### WORK ORDER
In the data below, the answer is the run of lines from the line containing "bradfield logo - Capytech" through the line containing "22-july-filmi-hakkinda-.jpg", both included; print it exactly and nothing else.

### EXERCISE MATERIALS
--------
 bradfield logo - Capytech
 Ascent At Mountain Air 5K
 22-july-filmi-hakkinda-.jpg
--------
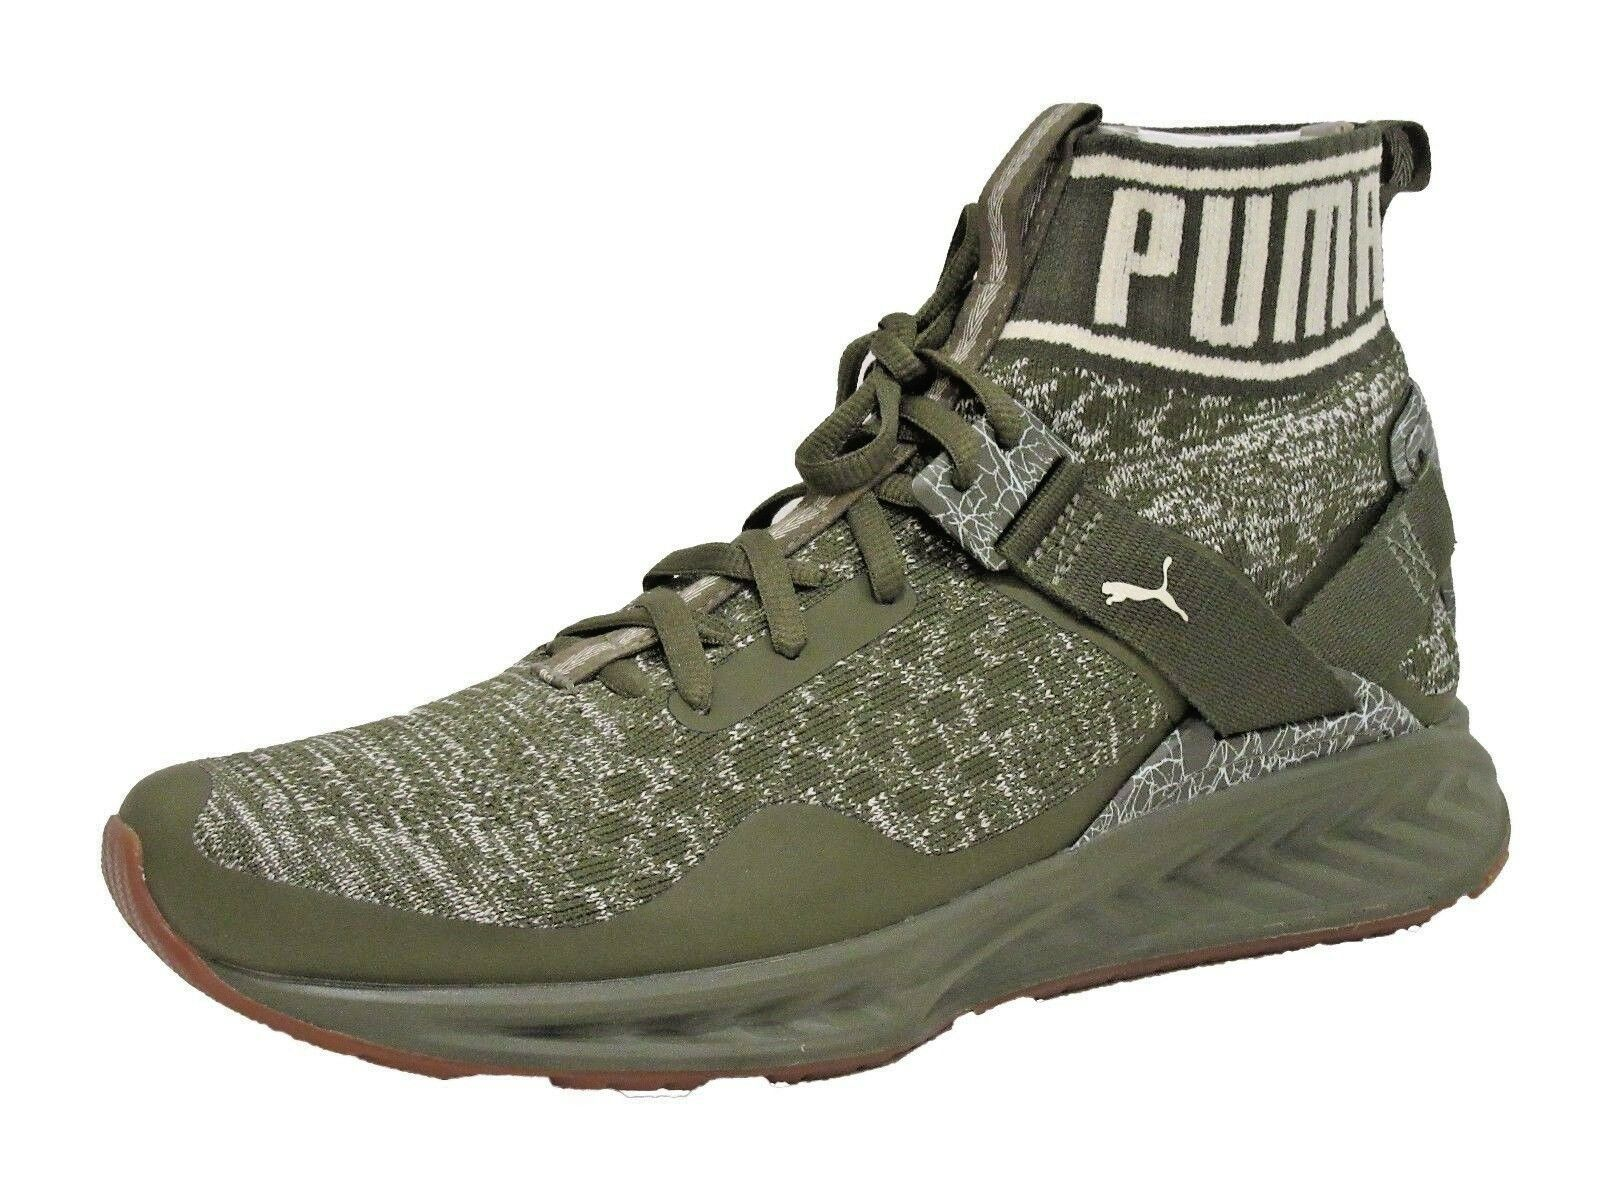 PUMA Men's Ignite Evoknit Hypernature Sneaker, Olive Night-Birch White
--------
### SOLUTION TO THIS TASK
 bradfield logo - Capytech
 Ascent At Mountain Air 5K
 22-july-filmi-hakkinda-.jpg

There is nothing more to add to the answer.